DATASET EXTRACT START

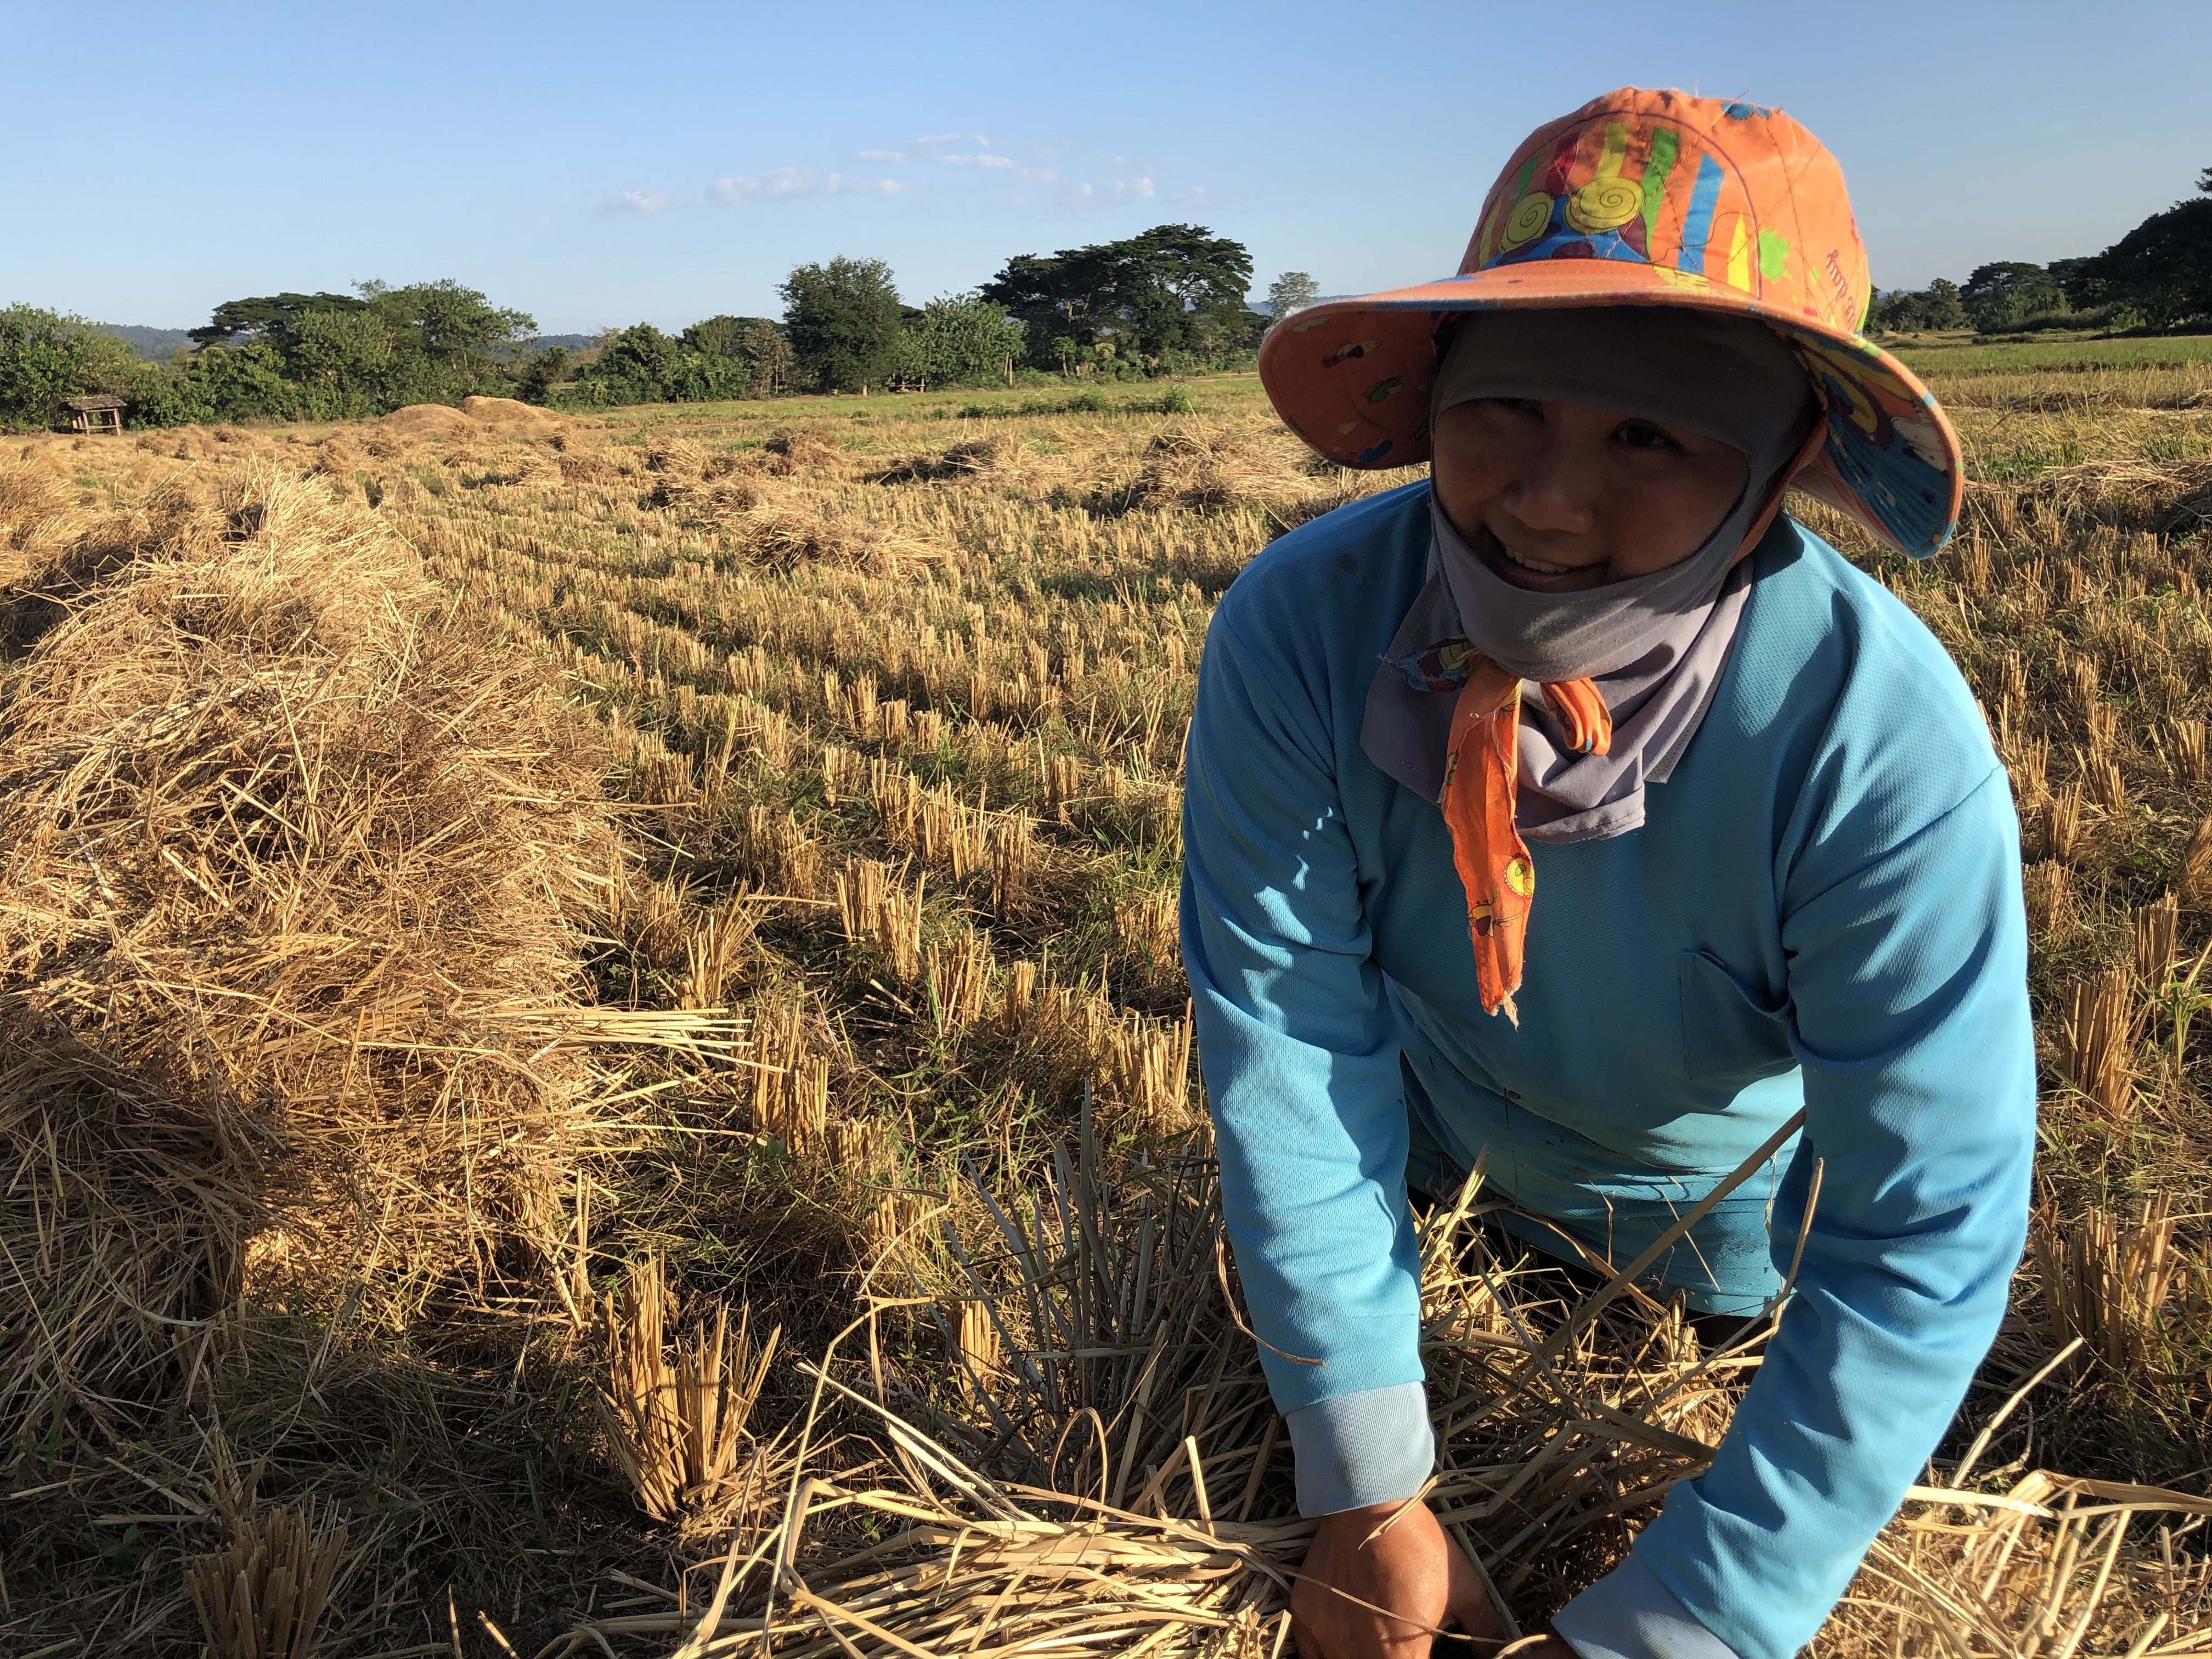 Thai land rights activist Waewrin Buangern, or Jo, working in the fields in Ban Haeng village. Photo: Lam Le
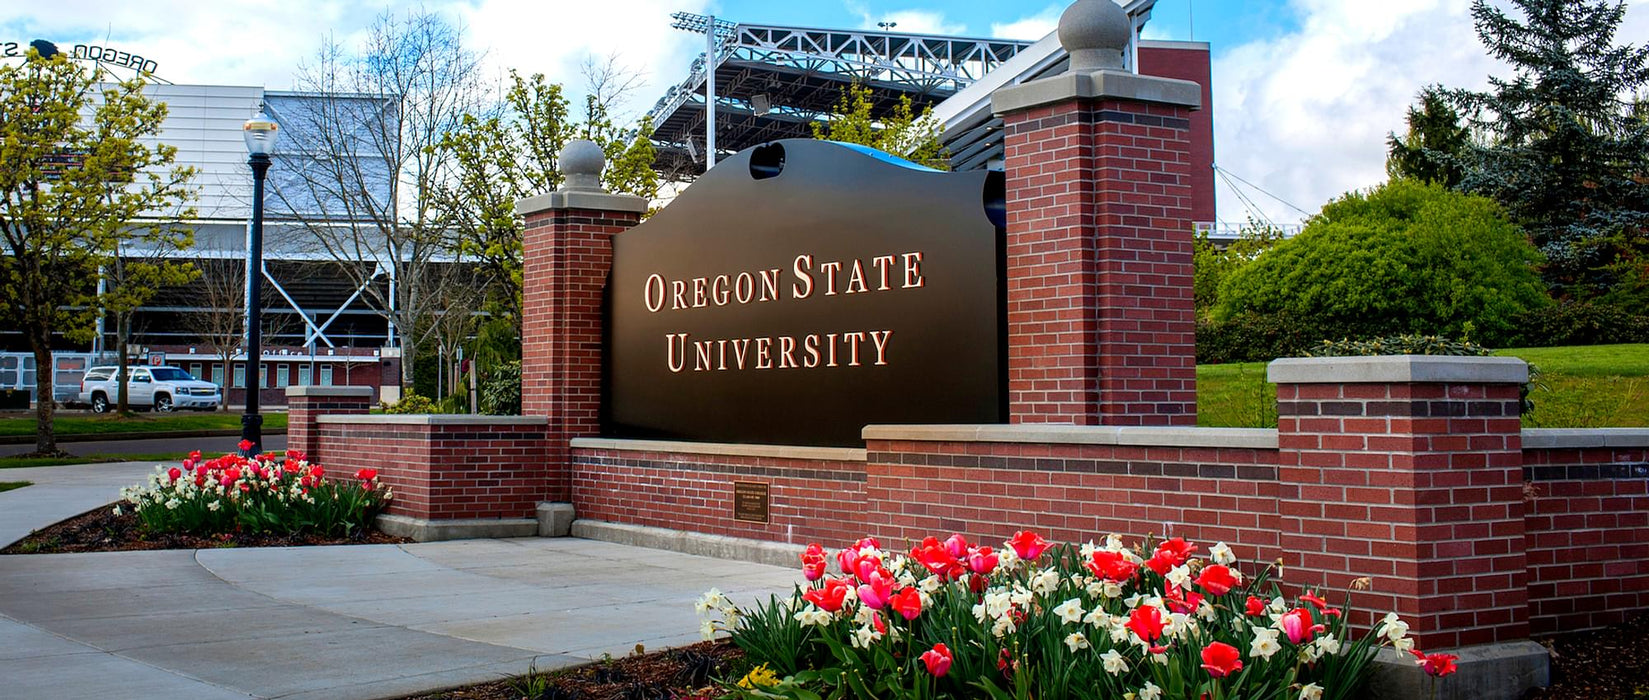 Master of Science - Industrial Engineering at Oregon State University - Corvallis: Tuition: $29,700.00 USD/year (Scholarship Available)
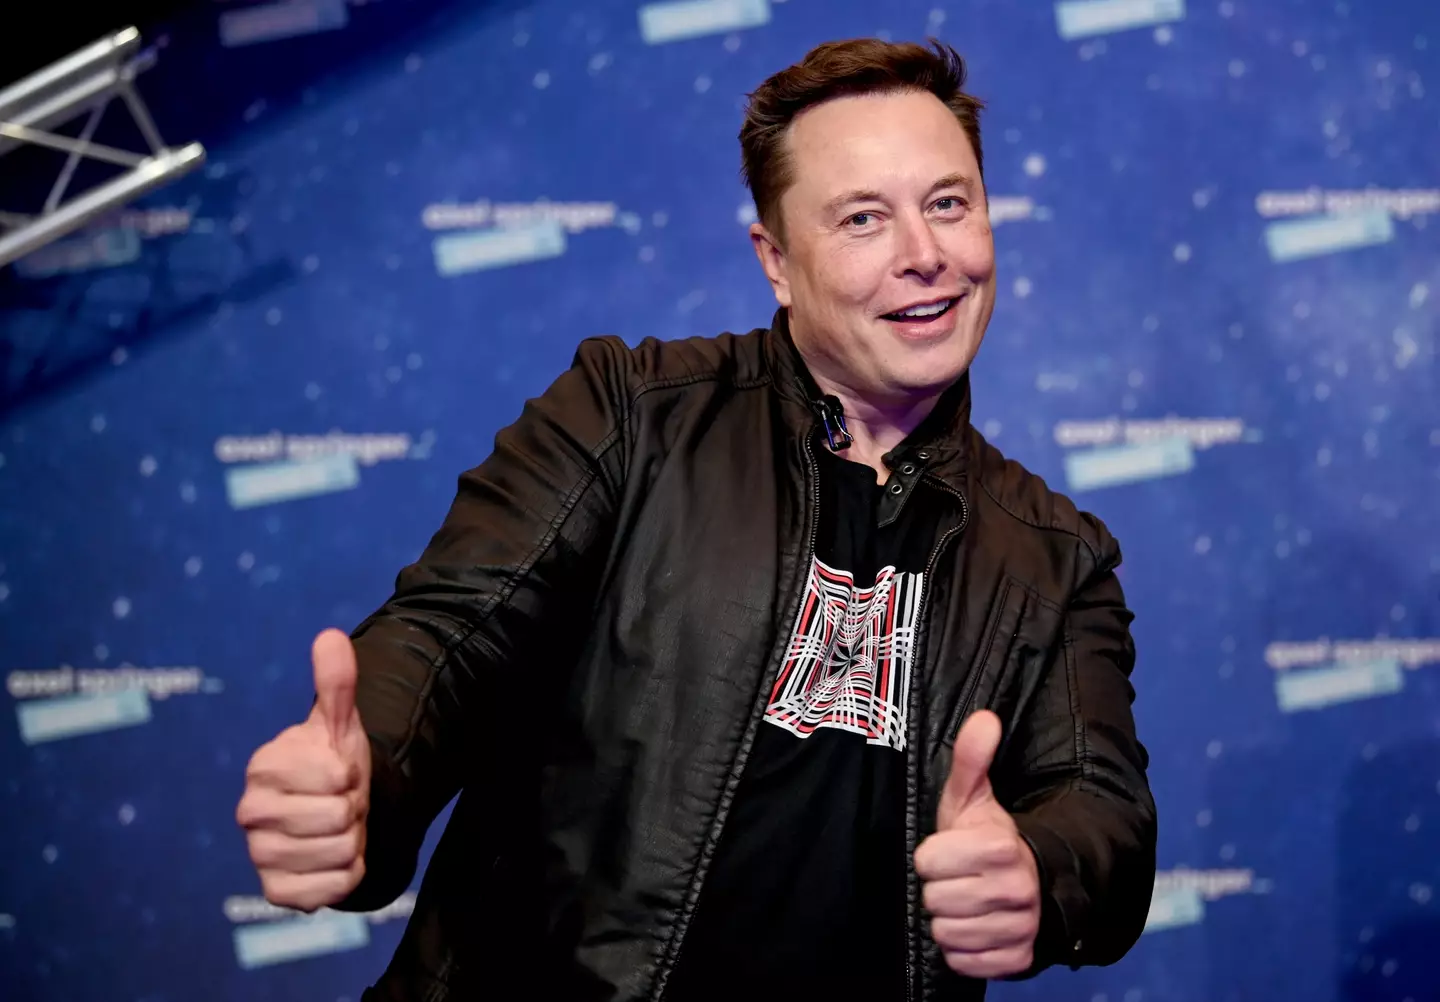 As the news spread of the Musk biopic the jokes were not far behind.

DATASET EXTRACT END

| ABOUT THIS EXERCISE |
What the task needs is the material above repeated exactly, pictures excepted.

| EXPECTED ANSWER |
 Thai land rights activist Waewrin Buangern, or Jo, working in the fields in Ban Haeng village. Photo: Lam Le
 Master of Science - Industrial Engineering at Oregon State University - Corvallis: Tuition: $29,700.00 USD/year (Scholarship Available)
 As the news spread of the Musk biopic the jokes were not far behind.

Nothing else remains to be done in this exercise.